Your reply should reproduce the data below without a single alteration, apart from dropping the images.

# DATASET EXCERPT:
++++++
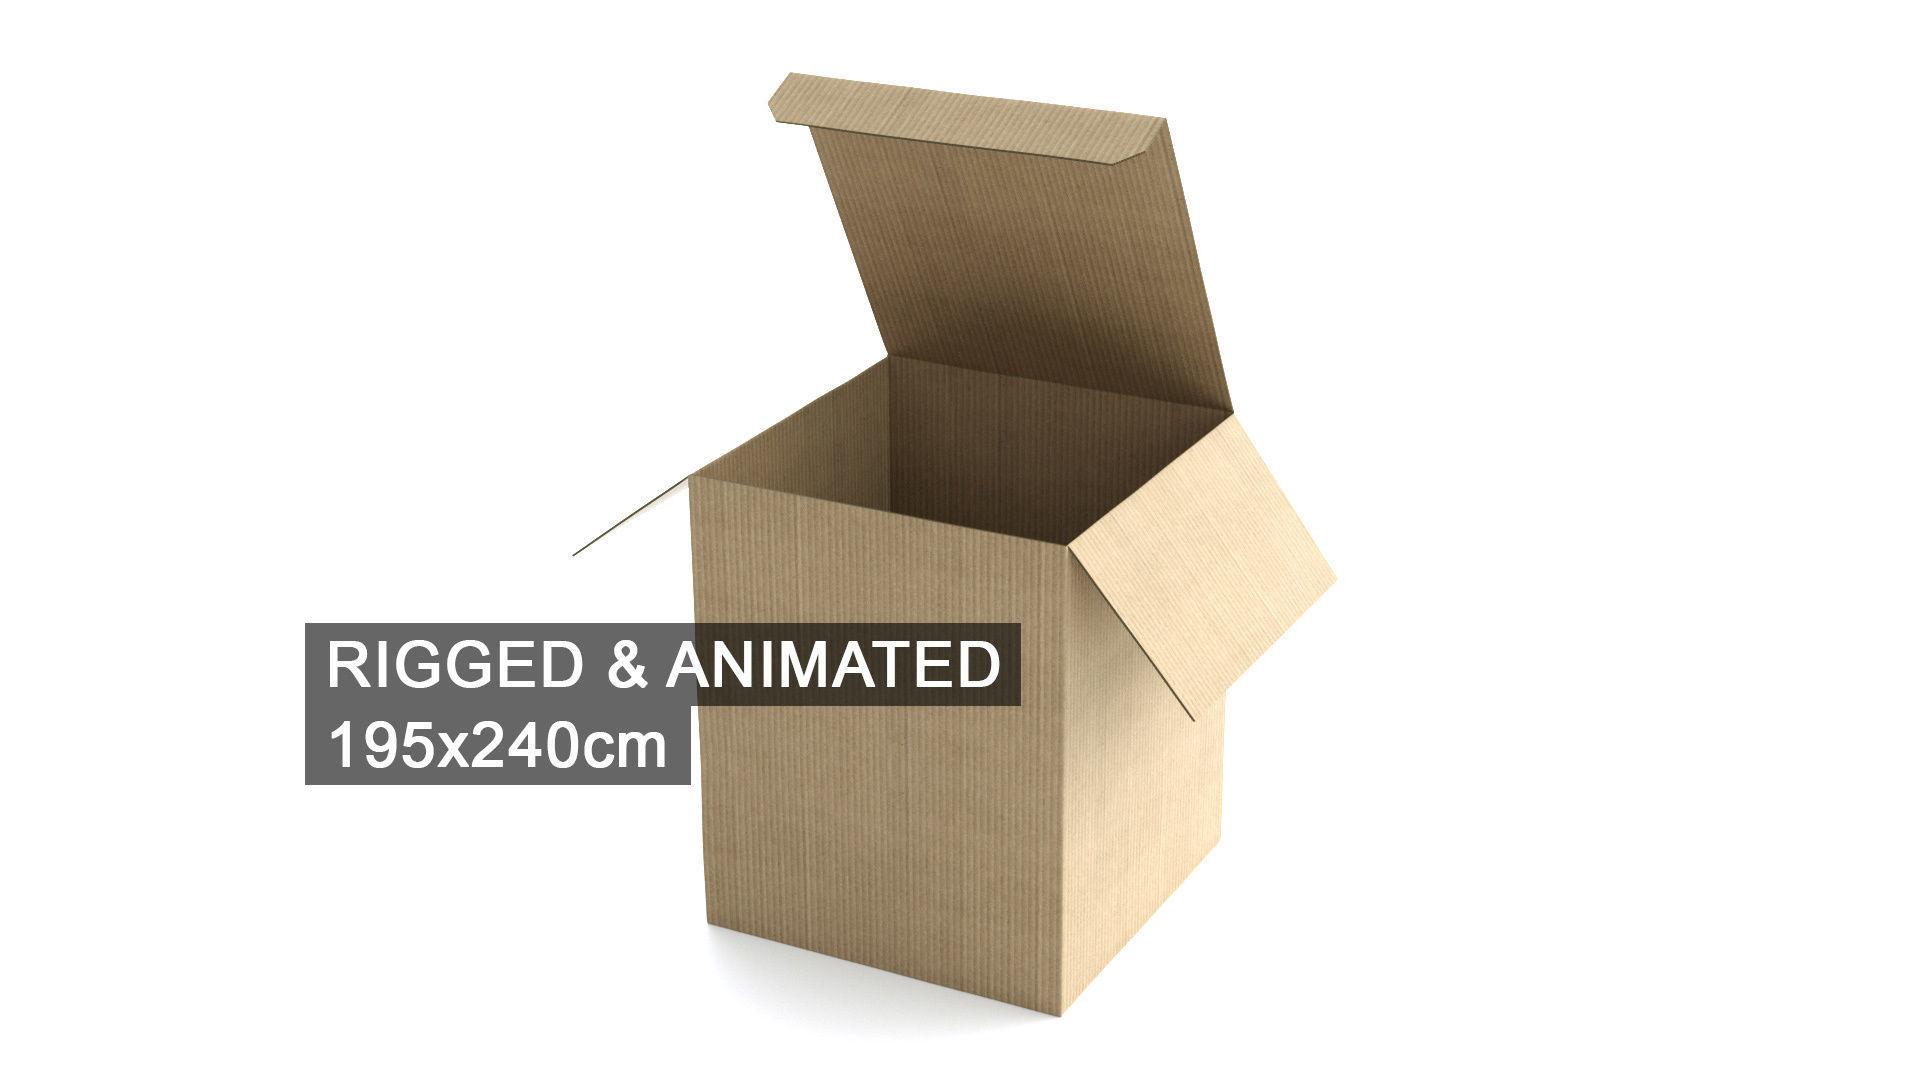 Cardboard Box 195x240cm - Rigged and Animated
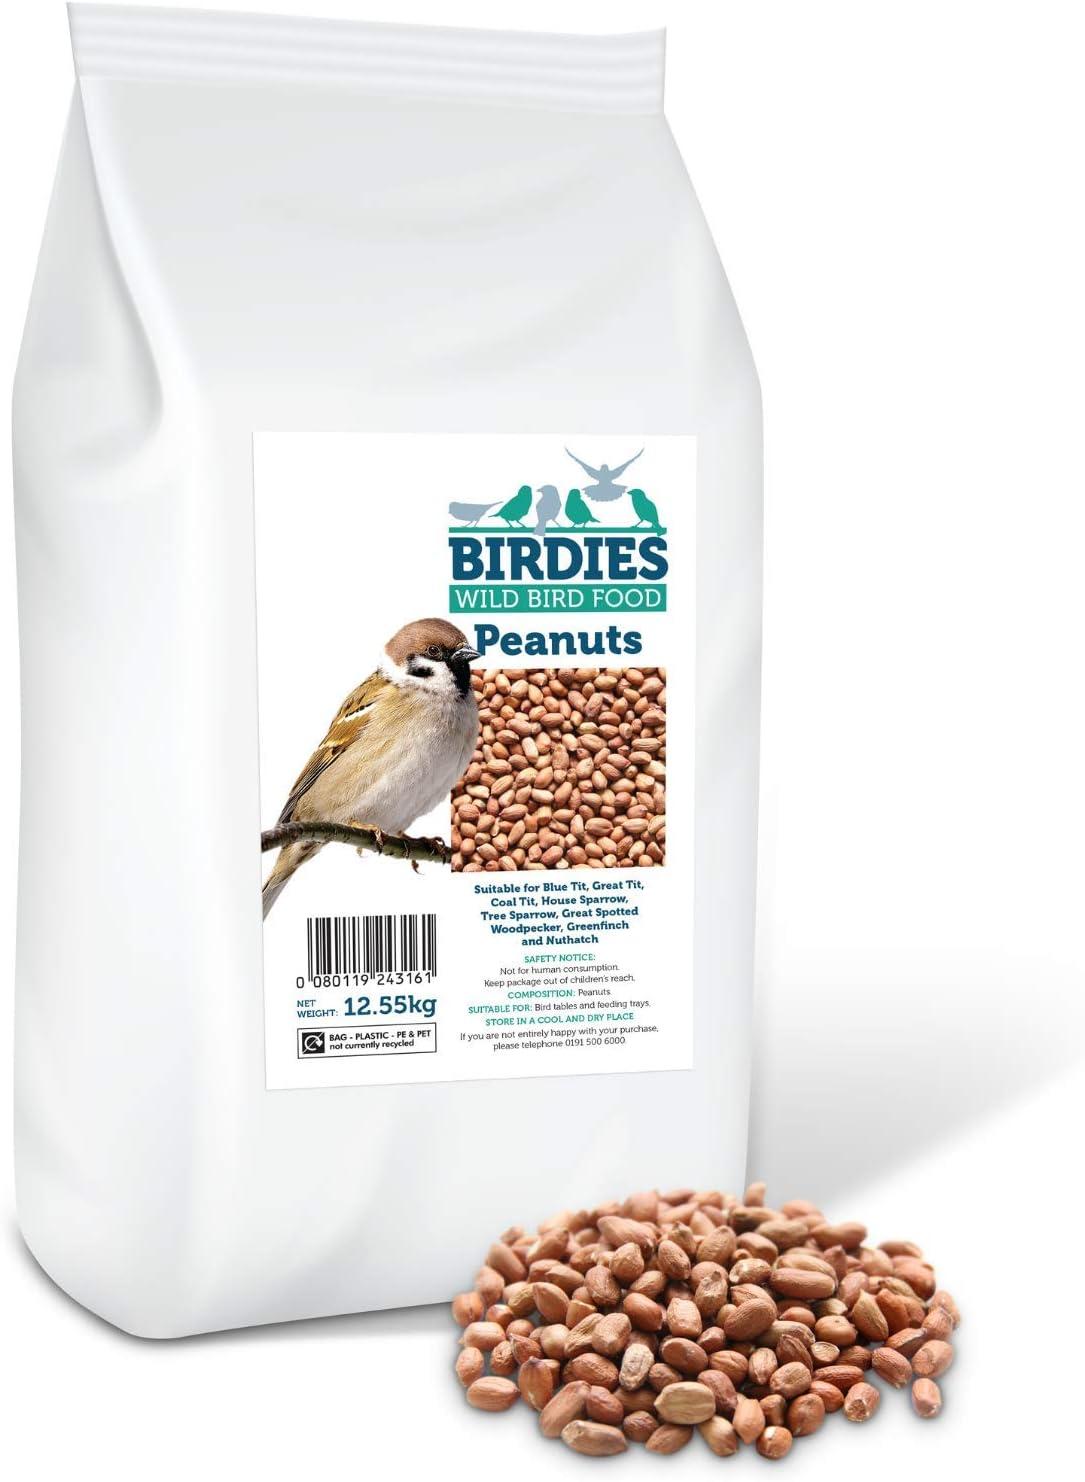 Birdies Wild Bird Food- Cacahuetes Premium para pájaros Silvestres - 12,55 kg
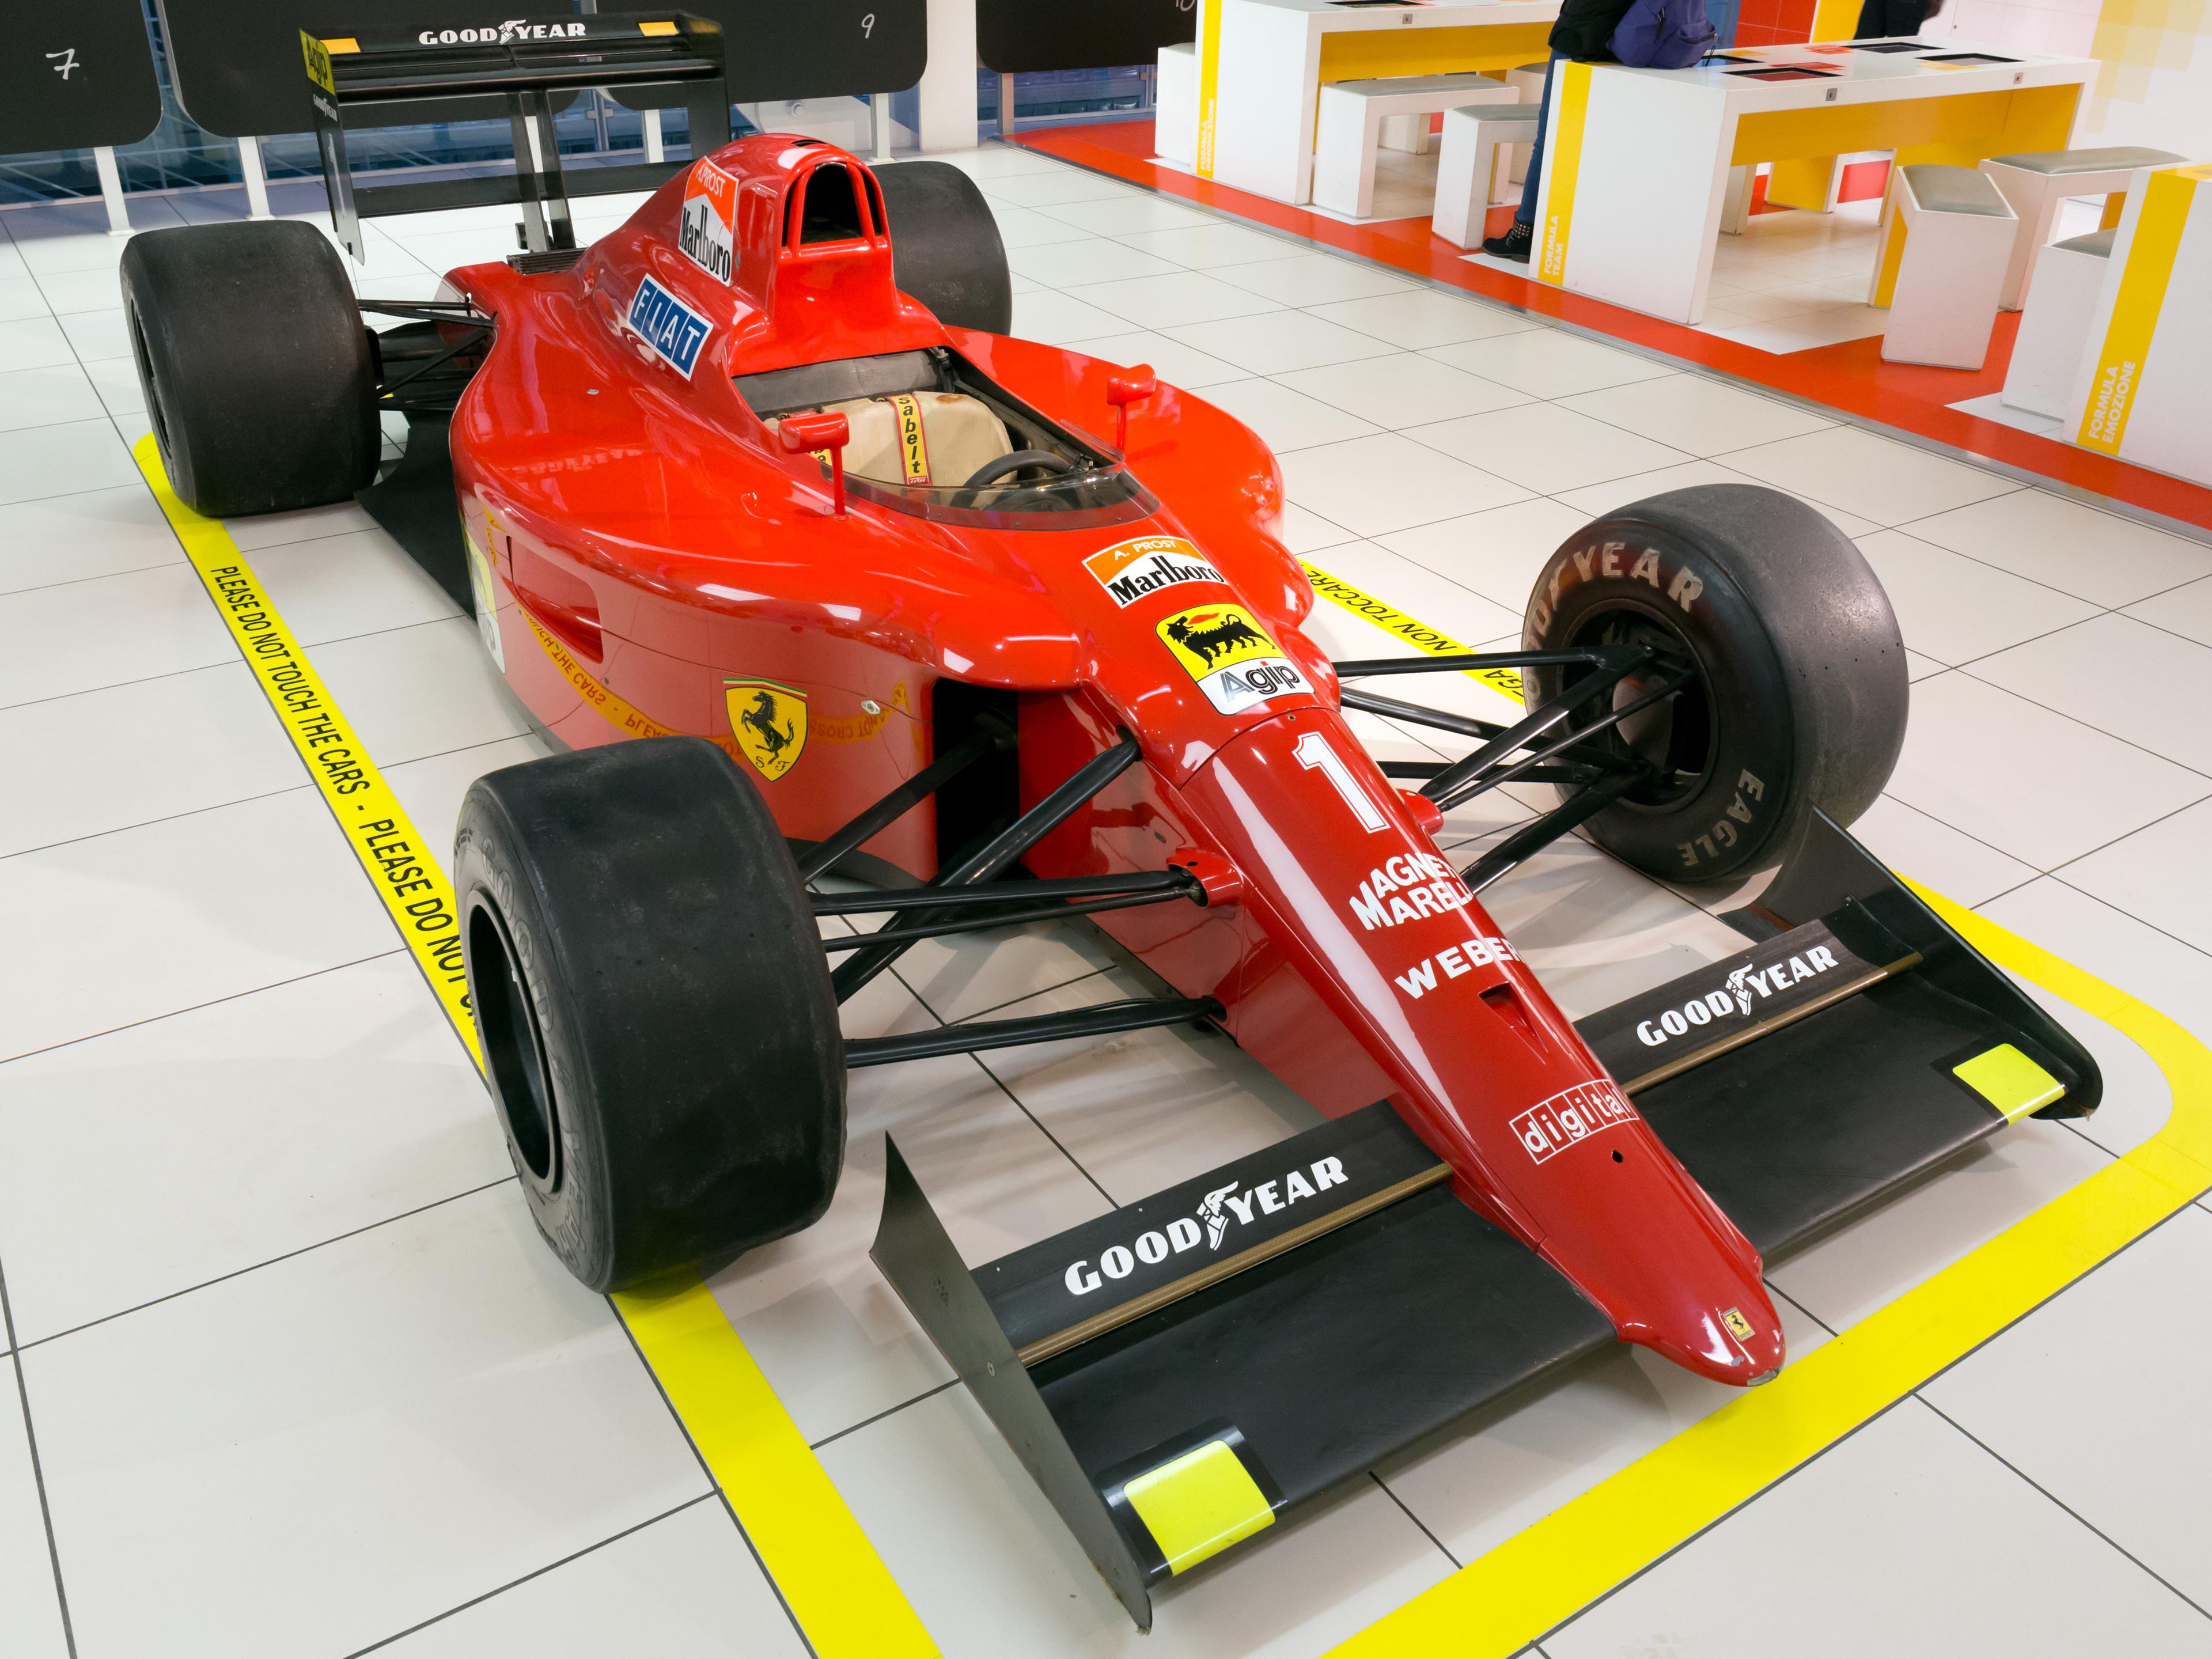 File:Ferrari 641-2 front-right Museo Ferrari.jpg
++++++
# ANSWER FOR THIS EXERCISE:
 Cardboard Box 195x240cm - Rigged and Animated
 Birdies Wild Bird Food- Cacahuetes Premium para pájaros Silvestres - 12,55 kg
 File:Ferrari 641-2 front-right Museo Ferrari.jpg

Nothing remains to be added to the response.